Idd Dave... alleen als je zelf de verantwoordelijkheid niet wil dragen i.v.m. brand e.d. dan kun je het beter als je het af heb ff laten keuren diir een erkend installateur.....


-----But first there was Light-----

----------


## Dré

> citaat:
> Het is in principe zo dat in ieder huis de 3 fases binnenkomen. Alleen is maar 1 van die 3 fases aangesloten en van een zekering voorzien.



De situatie die je omschrijft klopt precies voor het huis waar ik nu in woon (1 x 25A hoofdgroepje, jaren 50 huisje met waardeloze energievoorziening).

Tegenwoordig heeft elk huis echter gewoon een 3-fase aansluiting. Moet ook wel immers om de wasmachine, droogtrommel, oven, magnetron en de electrische kookplaat van energie te kunnen voorzien.

Soms kom je, in de keuken, zelfs standaard al een mooie 3 x 16A aansluiting tegen (perilex). Kijk maar eens in de buurt van het fornuis (zei hij richting originele vraagsteller), misschien heb je geluk  :Wink: 

Als je al een 3-fase aansluiting hebt, is het aanleggen van een krachtstroomaansluiting een koud kunstje voor een installateur. Gewoon wat offertes aanvragen. Zelfdoen kan uiteraard ook als je ZEKER weet waar je mee bezig bent (het lichtnet is behoorlijk dodelijk).

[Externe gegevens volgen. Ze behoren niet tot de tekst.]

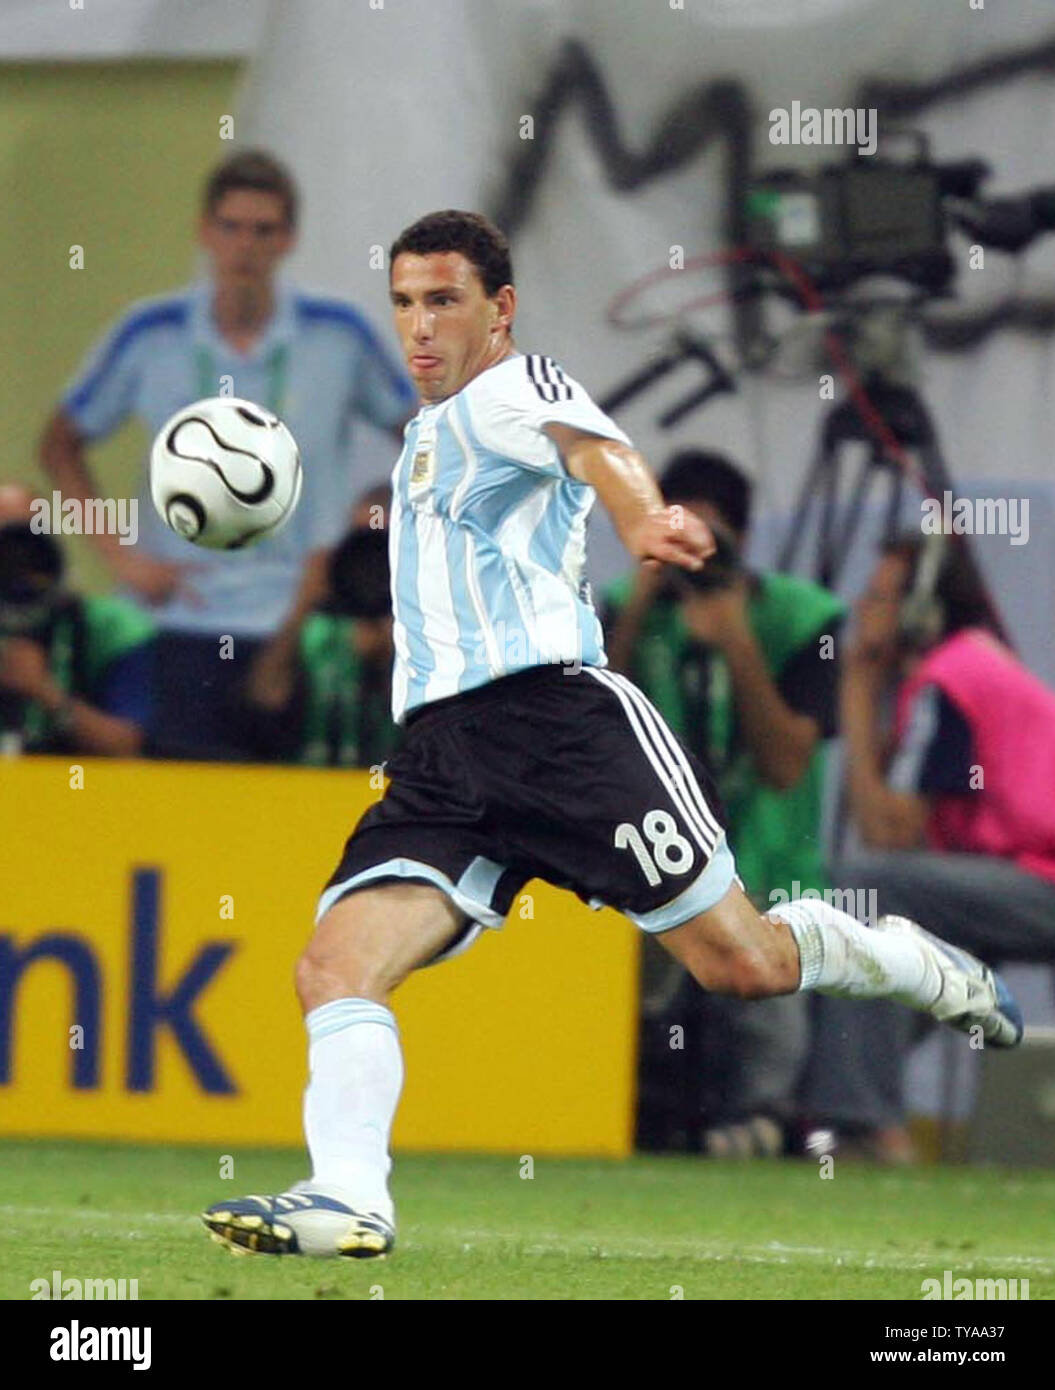 Argentina's Maxi Rodriguez scores the winner during the last 16 knock-out stage of the FIFA World Cup Germany 2006 at the Zentralstadion in Leipzig, Germany on June 24, 2006. Argentina needed extra-time and a wonder strike from Maxi Rodriguez to give them a 2-1 victory over Mexico and a place in the quarter-finals.   (UPI  Photo/Christian Brunskill) Stock Photo

-- Pardon my French, I'm Dutch --

----------


## Tiemen

> citaat:
> Tegenwoordig heeft elk huis echter gewoon een 3-fase aansluiting. Moet ook wel immers om de wasmachine, droogtrommel, oven, magnetron en de electrische kookplaat van energie te kunnen voorzien.



Zou ik zeker niet durven zeggen hoor, er zijn nog vele nieuwe huizen waar maar 1 fase gebruikt (en afgezekerd) is!

On-topic : Bel gewoon je electricien (is dat nederlands?) en vraag ernaar.

Markske

----------


## Pulse

Voor zover ik weet is het voor nieuwe huizen in Belgie standaard een verdeelkast van 40A 220Volt

----------


## Mark Vermeulen

wat er binnen komt weet ik niet maar we hebben wel een Cee 32a aansluitng zitten.


Groetjes Mark Vermeulen
maar mijn baas heeft AD en EAW.

----------


## Mark

Er wordt trouwens in woonhuizen NIET standaard overal 3 fasen ingevoerd. Ik werk regelmatig als electricien en zie dat het bijna niet voorkomt.

Wel 3 fasen invoeren maar eentje bedraad.

Wil je 3 fasen zul je je meterkast moeten bedraden op 3 fasen en let erop!!! Hoe hoger de hoofdzekeringen hoe dikker draad je moet gebruiken in je meteropstelling!!!

Mark

----------


## ZaNyDu

wij hebben volgens mij toen onze garage werd gebouwd er krachtstroom aan laten leggen voor eventuele lasapparatuur

----------


## DeMennooos

Wat wel en niet standaard is en of je nou zelf nog kabeltjes moet gaan trekken om krachtstroom in je huis te krijgen lijkt me een mooie oplossing voor je Electriciteitsleverancier.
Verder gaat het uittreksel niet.